Instructions for the task: From the first line to the last, set down the material exactly and drop every picture.
*** Opening Collected material ***
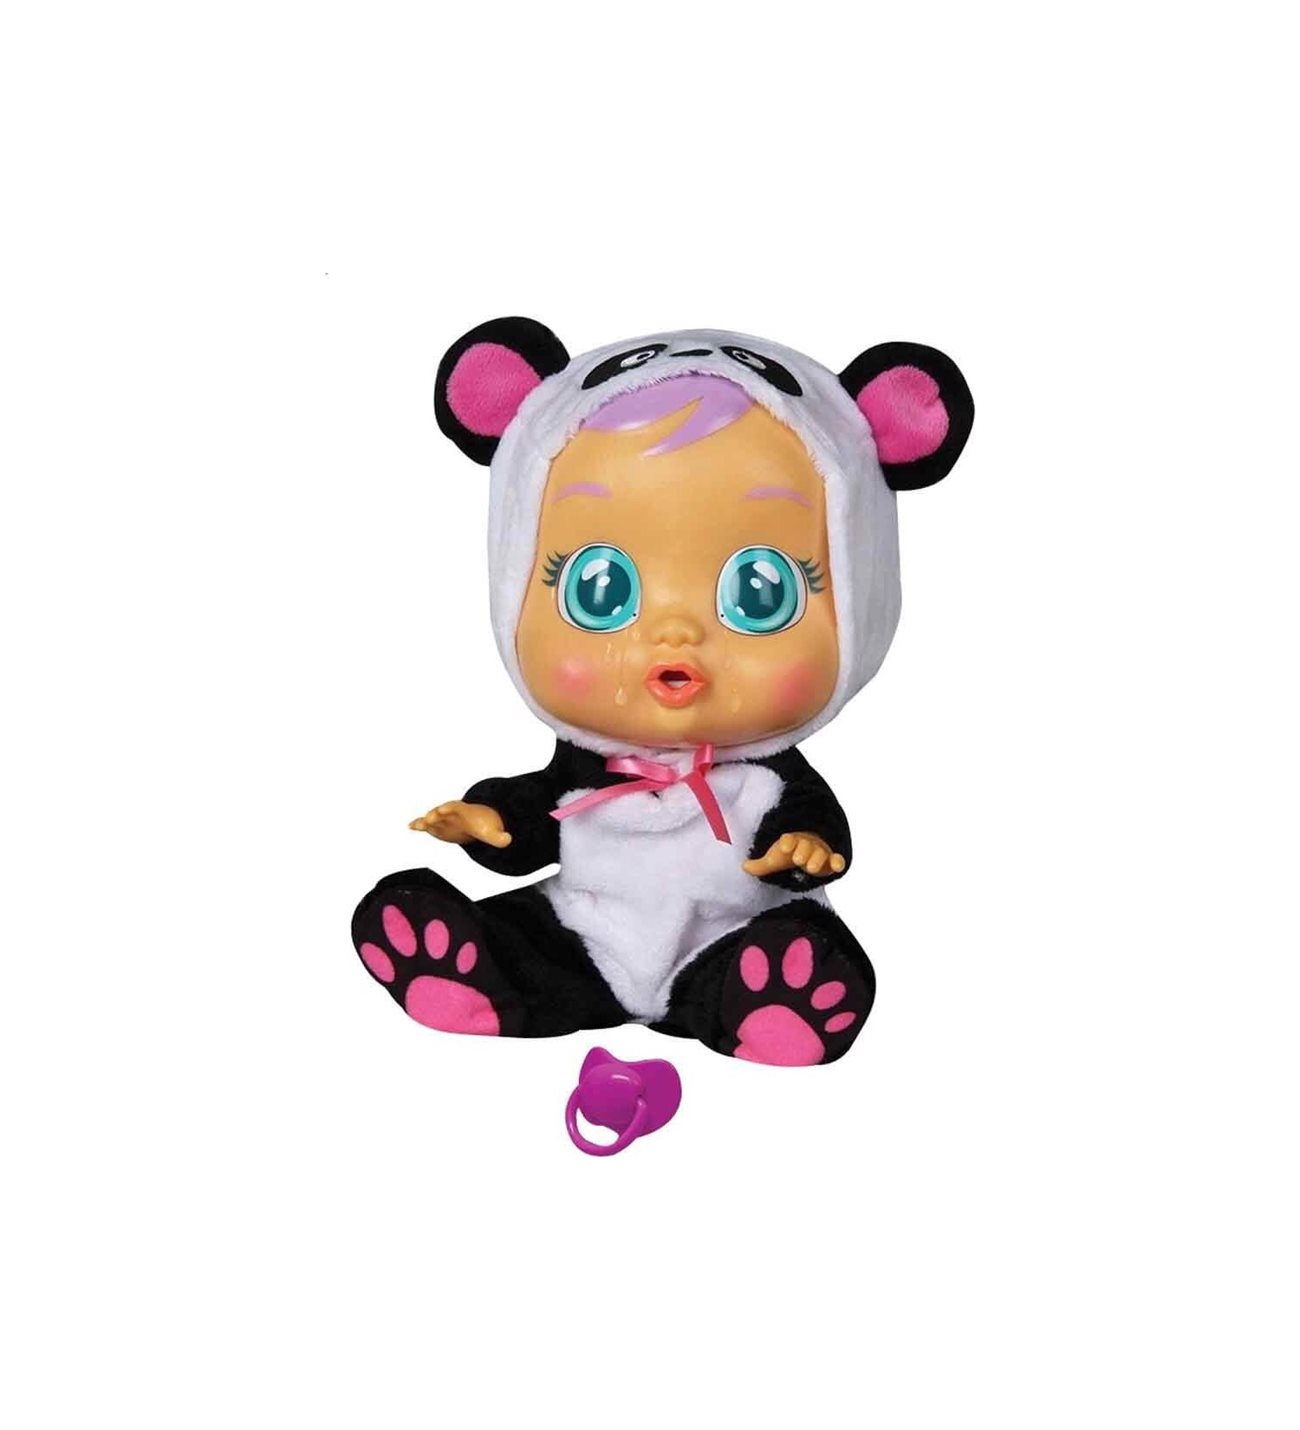 Boneca Cry Babies Pandy - Multikds
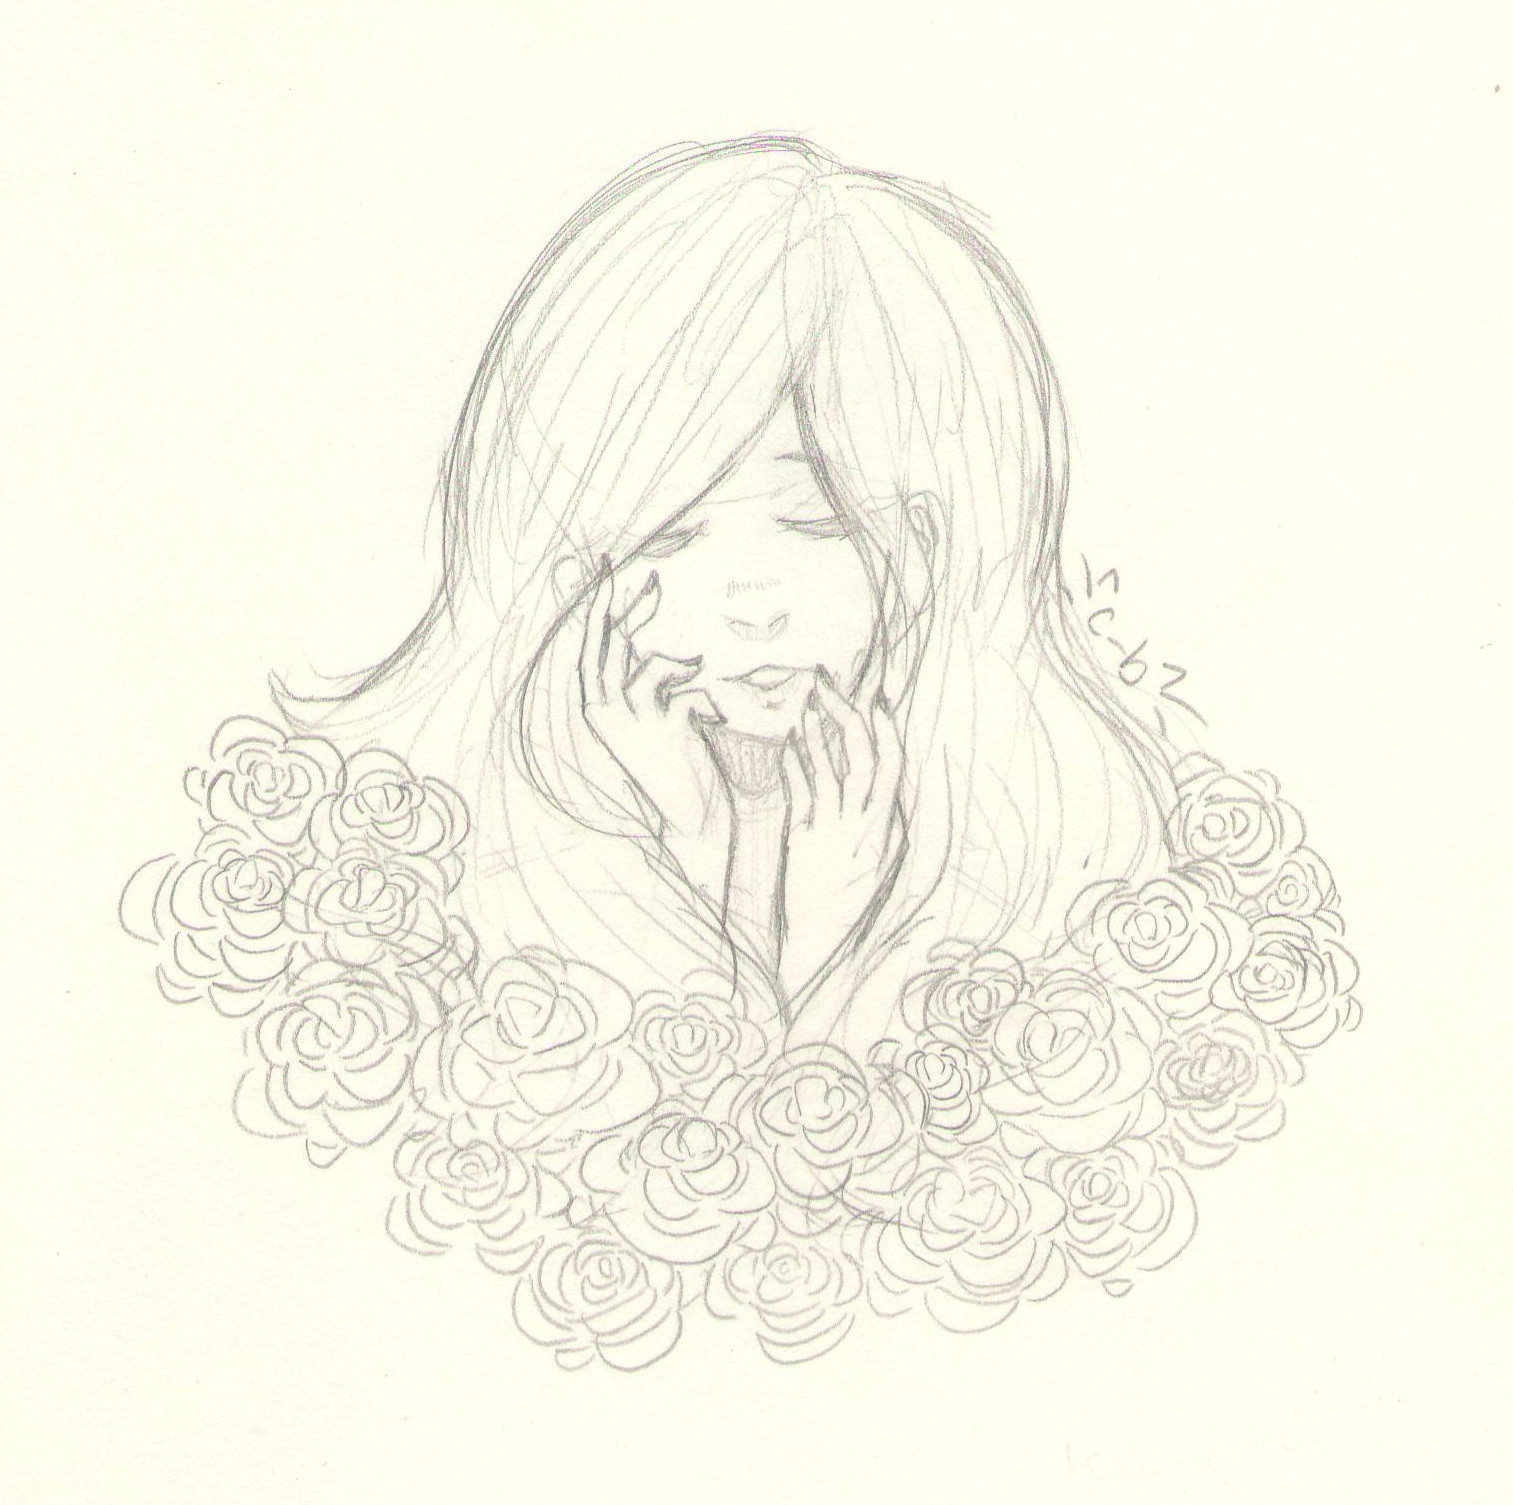 i found a nice way to draw roses roses flowers animegirls anime traditional art pencildrawing myart
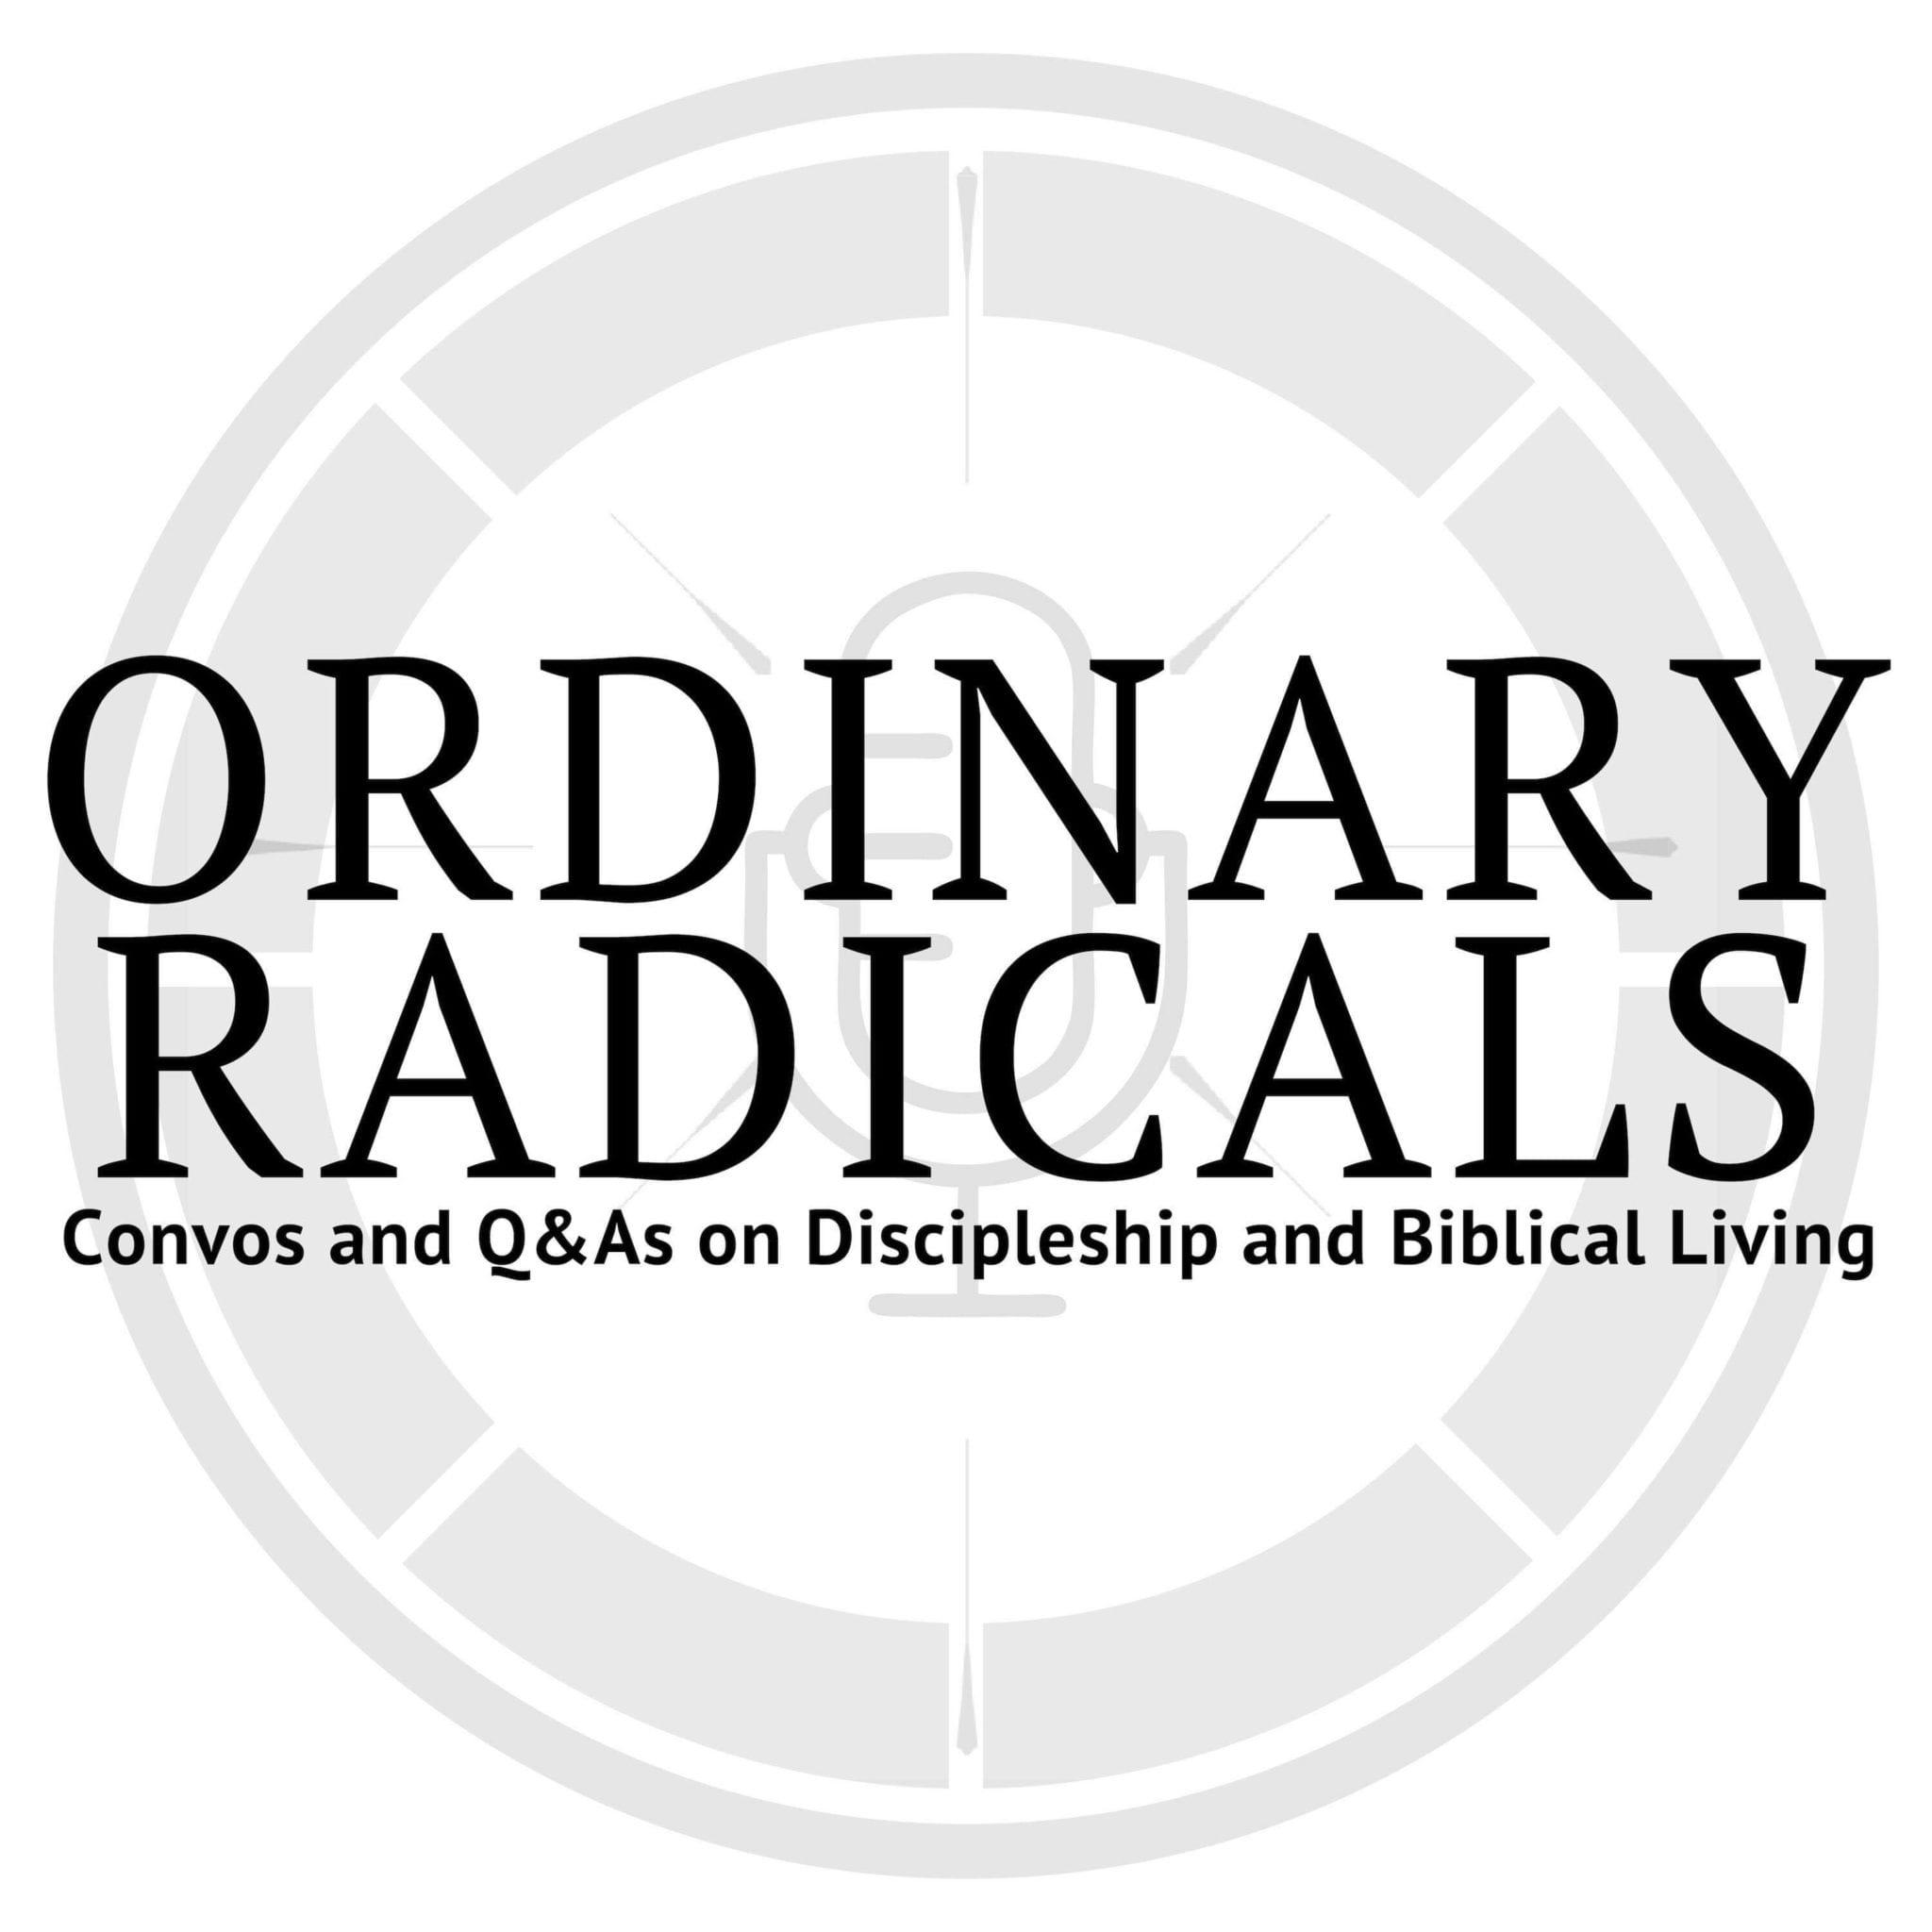 Ordinary Radicals
*** Closing Collected material ***
Output for this task:
 Boneca Cry Babies Pandy - Multikds
 i found a nice way to draw roses roses flowers animegirls anime traditional art pencildrawing myart
 Ordinary Radicals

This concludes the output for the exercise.